• [ABOUT THIS EXERCISE]: After locating the line with "Voz Pro Audio Headset VZ7 Black & Brown" in the data that follows, return it and every later line exactly, up to and including the line with "Historic streets of".

• [LISTED RECORDS]:
:::::

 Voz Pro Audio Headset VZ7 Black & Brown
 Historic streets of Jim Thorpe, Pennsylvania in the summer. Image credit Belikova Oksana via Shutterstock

:::::

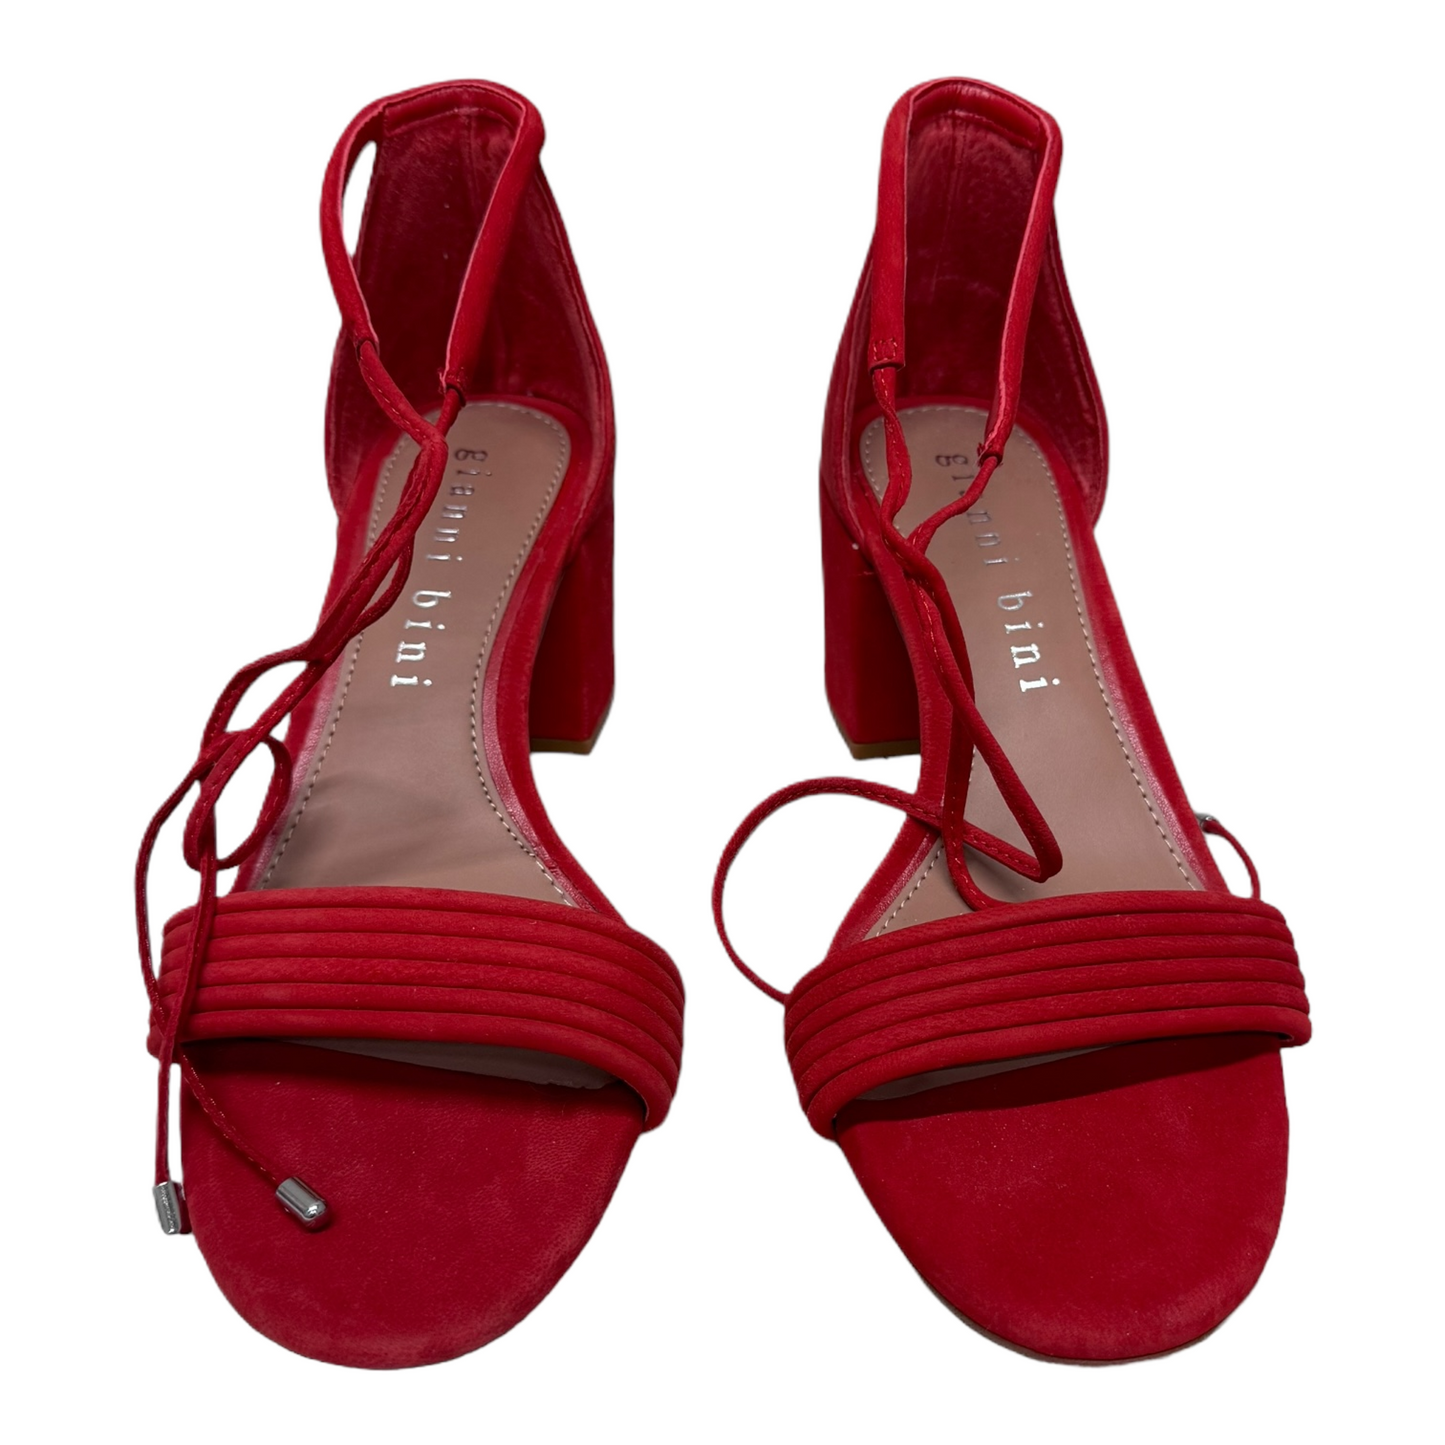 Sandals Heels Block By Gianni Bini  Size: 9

:::::

• [RESPONSE]:
 Voz Pro Audio Headset VZ7 Black & Brown
 Historic streets of Jim Thorpe, Pennsylvania in the summer. Image credit Belikova Oksana via Shutterstock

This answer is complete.